The development of insect and mite pests is similarly affected by moisture content and relative humidity. In particular, low moisture levels are an important limiting factor for most pests of cured fish and other dried food. The flies that infest moist partially-cured fish are especially susceptible to lack of moisture and usually cannot develop on the fully-cured product. Most of the other pests have high rates of increase on cured fish with moisture contents in equilibrium with 70-80% r.h. As the equilibrium r.h. is reduced below 70%, the rates of increase of these pests (especially the flies and mites) are considerably reduced, and well-dried fish is much less susceptible to damage by most pests.
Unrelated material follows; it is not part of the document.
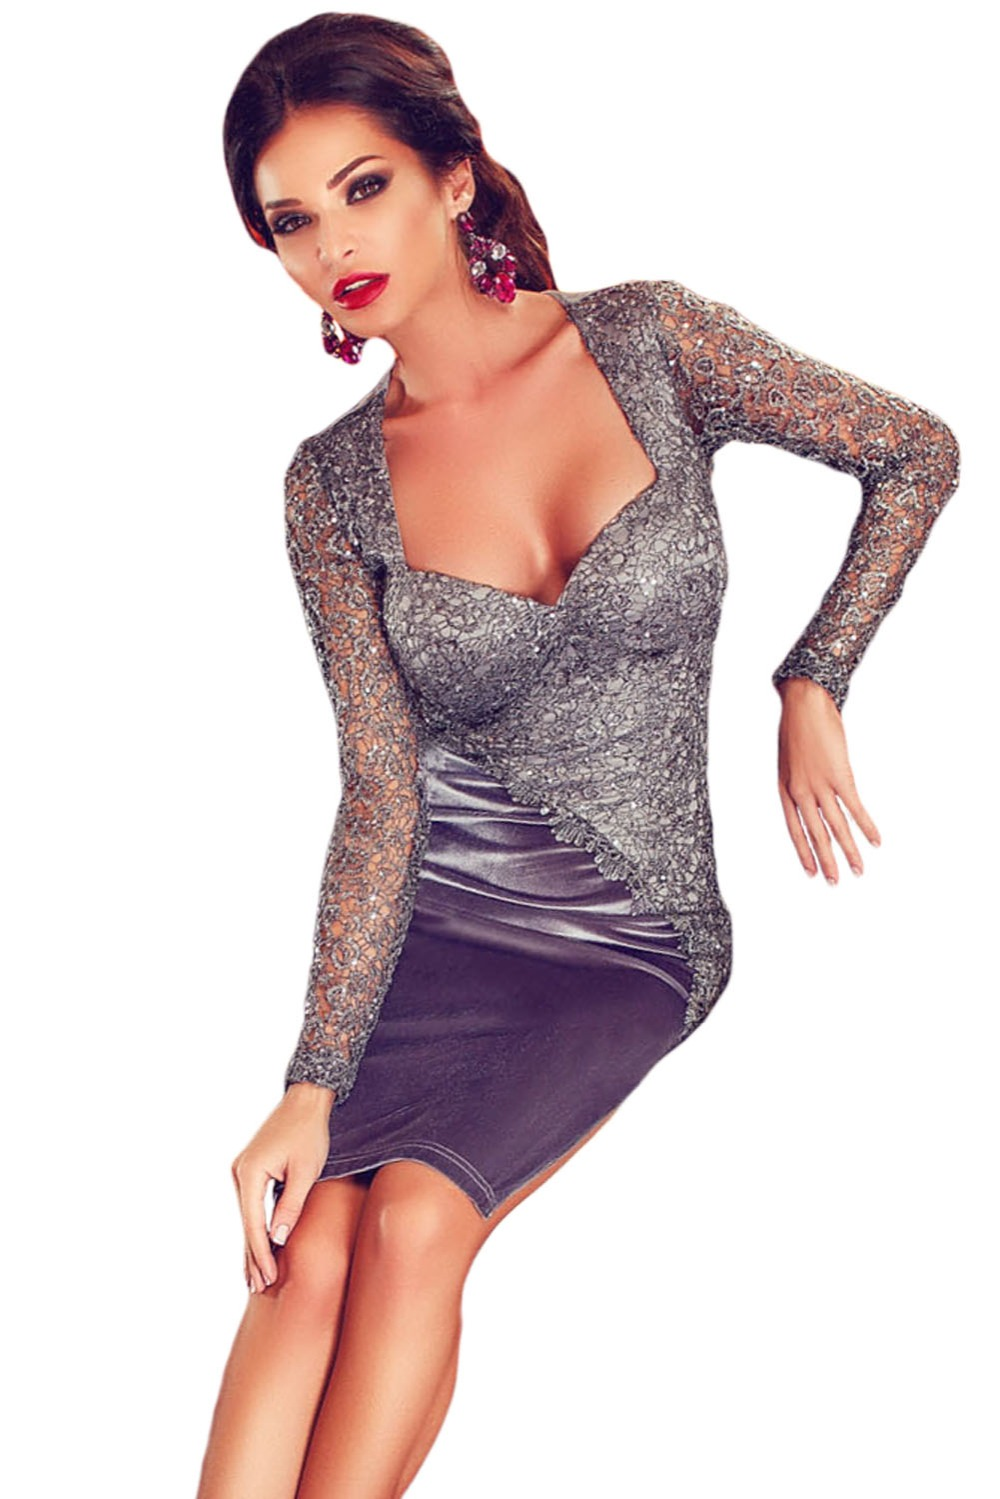 Otoño vestidos formales de oficina para las mujeres top jpg 1000x1499 Vestidos  formales para oficina b90a975585e8

The physical nature of cured fish, especially the extent of any fragmentation, affects the availability of the flesh, and thus the rate of increase of pests feeding on it. This is likely to be especially true for mites. Different genera of cured fish have been found to vary in their susceptibility to infestation by beetles and mites, though the nutritional factors governing this variation have not been identified. The presence of the salt on salted cured fish reduces the rates of increase of most insects and mites, though the pest species vary in their response to different concentrations.

Further information on the effects of temperature, moisture and food type on pests of cured fish is given by FAO (1981).

1.4 Collection and examination of insects and mites

The main groups of pests of cured fish can usually be recognized with the naked eye or, preferably, by the use of a simple hand-lens, while they are still on the fish sample. However, if confirmation or more detailed identification is required, or if insects or mites other than the main pest types seem to. be present, specimens should be collected for examination in the office or laboratory.

The simplest procedure, which reduces the amount of work in the field and also ensures that species are not over-looked, is to take samples of the infested fish, together with the pests, and place them in polythene bags (or similar sealed containers). The samples can then be examined in detail on a tray in the office or laboratory, and the pests extracted carefully. Collection of such samples may be essential if only the larvae or pupae of flies or beetles are present on the fish, and if detailed identification is required. Such specimens should be kept alive on the sample (in jars cloyed by pieces of cloth secured with rubber bands) until the immatures develop into adults, which are easier to identify.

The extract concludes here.